1. Probability Theory

Now we’ll be taking the counting principles we learned from lab 2 weeks ago and apply them to probability! Probability is something you’ll be revisiting time and time again both in and outside of computer science. Maybe you’re interested in artificial intelligence or machine learning, or maybe you just want to think more critically about the uncertainty of life. Probability is an important skill you’ll want to carry with you well beyond 104, regardless of what path you take!

Warm Up, Definitions, and Rules

Suppose we have a fair coin, and we flip it 2 times.
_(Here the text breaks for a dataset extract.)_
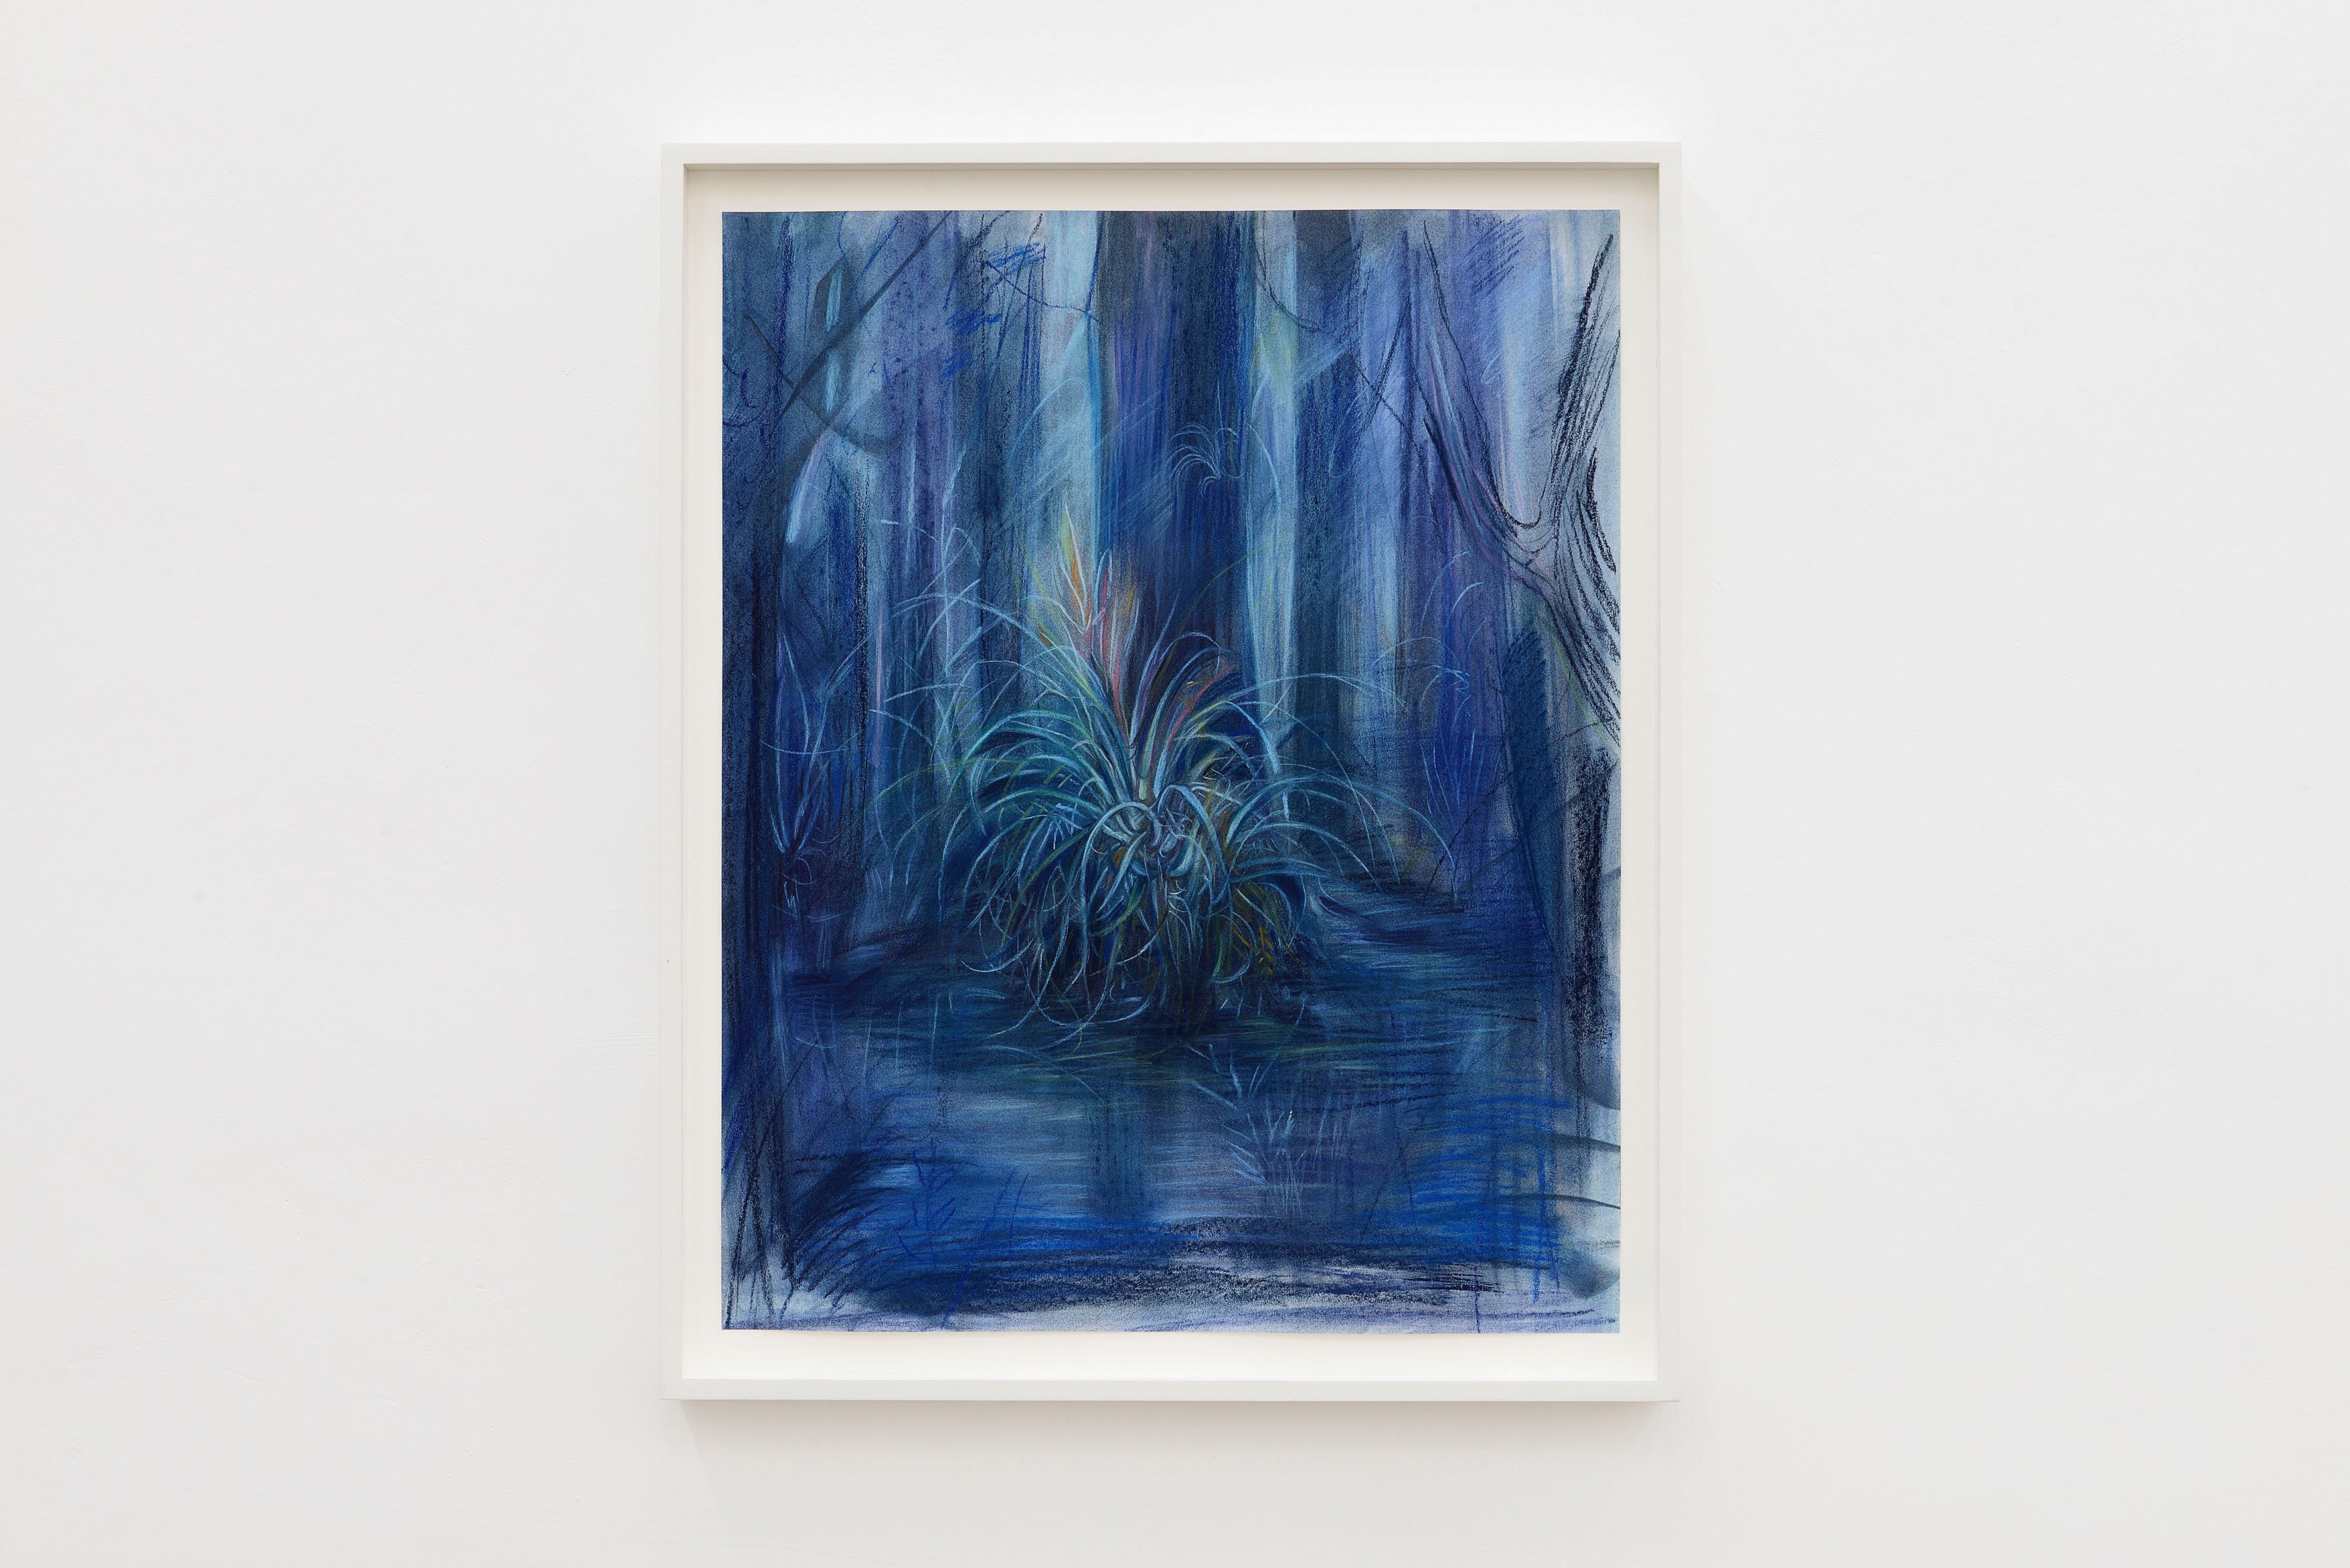 Alina Perez, Bromeliad, 2024, charcoal and pastel on paper, framed, 75 x 61 x 5 cm

What is the probability of getting at least one head?

Here, flipping a coin 2 times is called a trial. Each trial has an outcome, and our sample space is the set of all possible outcomes for any trial. Denoting H for heads and T for tails, and assuming each coin flip yields either H or T (and will never land on an edge), our sample space can be written as $ { H, T } ^2$. The size of our sample space is $\mid { H,T } \mid^2 = 4$. With a small sample space like this, it should be easy enough to list out all the elements:

Any subset of the sample space is called an event. In this example, the event we are interested in is the event of getting at least one head, $ { HH, HT, TH } $. Assuming that all outcomes are equally likely, we can say that the probability of this event occurring is $3/4$.

More generally, if $S$ is a sample space of equally likely outcomes and $E$ is an event of $S$, the probability of $E$ is:

\[P(E) = \frac{|E|}{|S|}\]

Probabilty of Complements

The complement of an event $E$, denoted as $\bar{E}$, is the event that $E$ does not occur.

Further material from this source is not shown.